Advent Thoughts #12

I am studying Abraham this week, and trying to find connections to Christmas!

Abraham was promised a son in impossible circumstances.  So was Mary.  Abraham's problem wasn't fertility, it was fertility in fidelity and according to the parameters God set up.  He could have children (with Hagar and then with Keturah (healthy old man, methinks).  His wife couldn't.  She was the miracle.  Mary had other children (although I know people debate that, but it seems like a silly debate.)  Her fertility during her status as a virgin was the miracle.

In both cases, the son was the offspring of promise, and in both cases "in that son all the nations of the earth shall be blessed."  (The shall is a command, not just a prediction, like "You shall not kill."  Judaism claims Abraham but his offspring are missional.  They do not exist for their own racial identity, but for the world.

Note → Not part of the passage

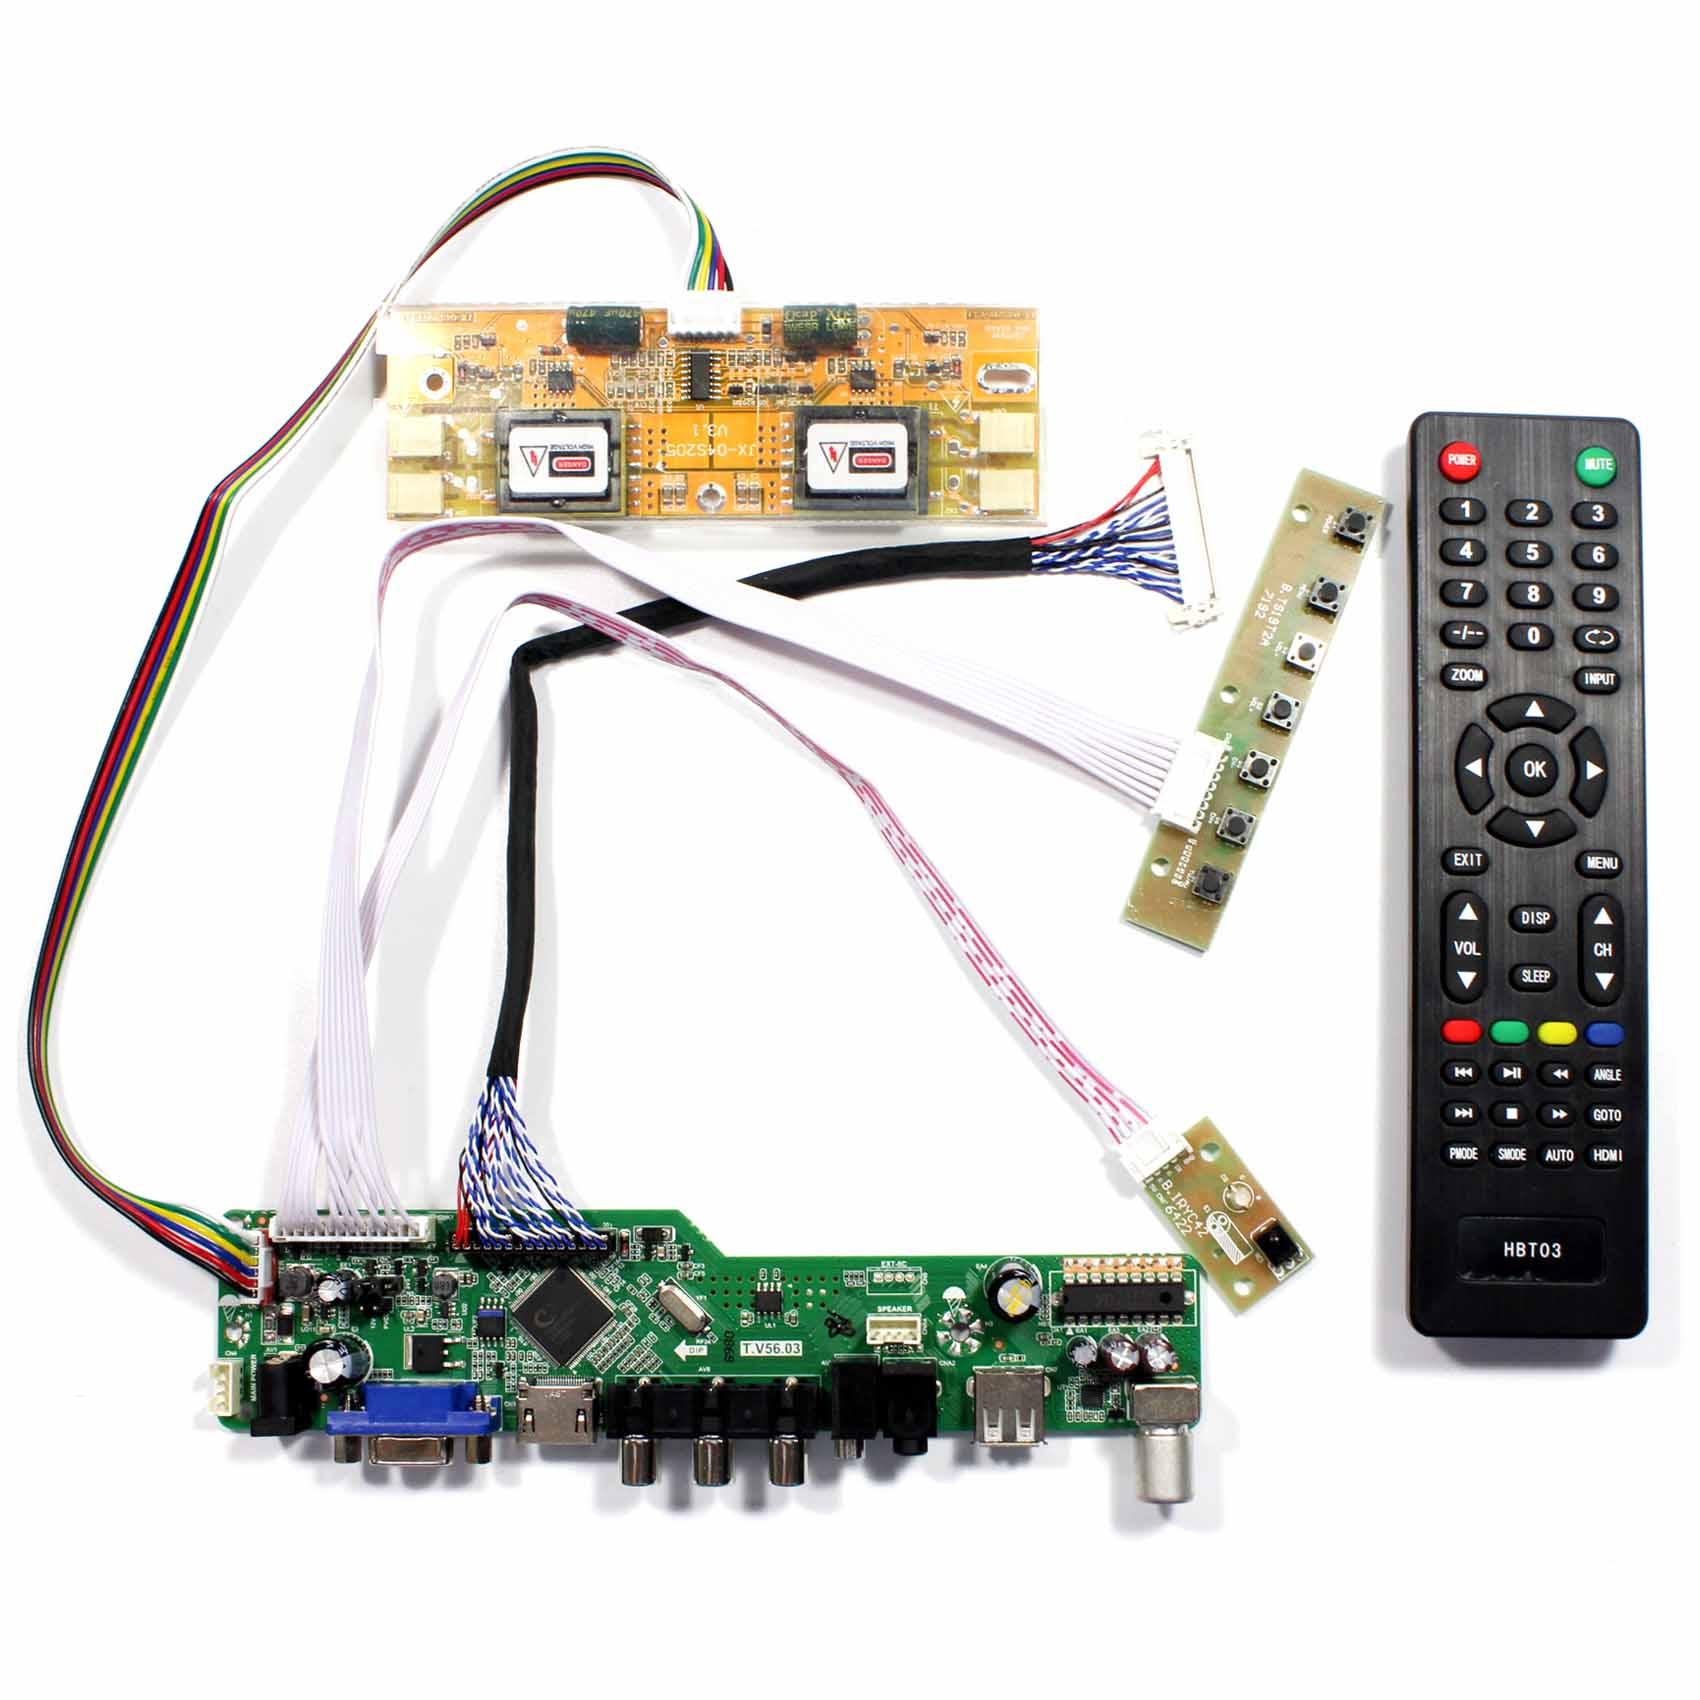 TV HDMI VGA AV USB AUDIO LCD Controller Board For 20 1 22 M201EW02 V1 M201EW02
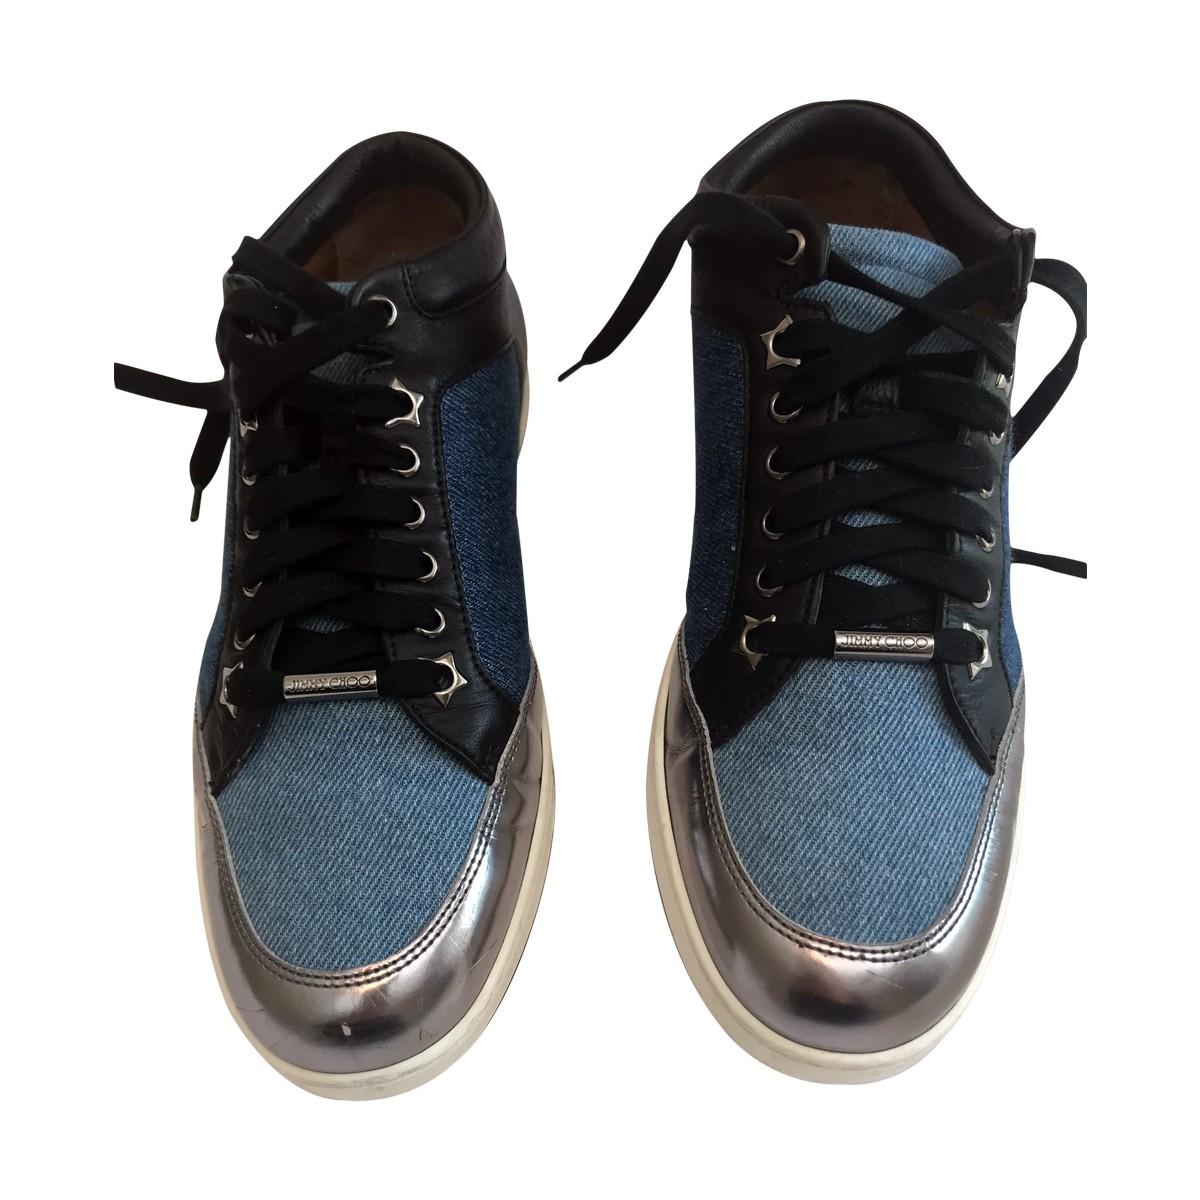 Jimmy Choo Jeans sneakers | My good closet

Finally, the disturbing part of Abraham is his willingness to sacrifice Isaac.  Hebrews says he believed God would raise him from the dead (Mary got to see that for real).  But at the time pagans killed their children to appease gods, so Abraham doesn't really question it.  He just, sadly, keeps going up that mountain.  The story ends happily, because God will provide a ram for the sacrifice.  This prefigures the cross, the only son of promise sacrificed for us.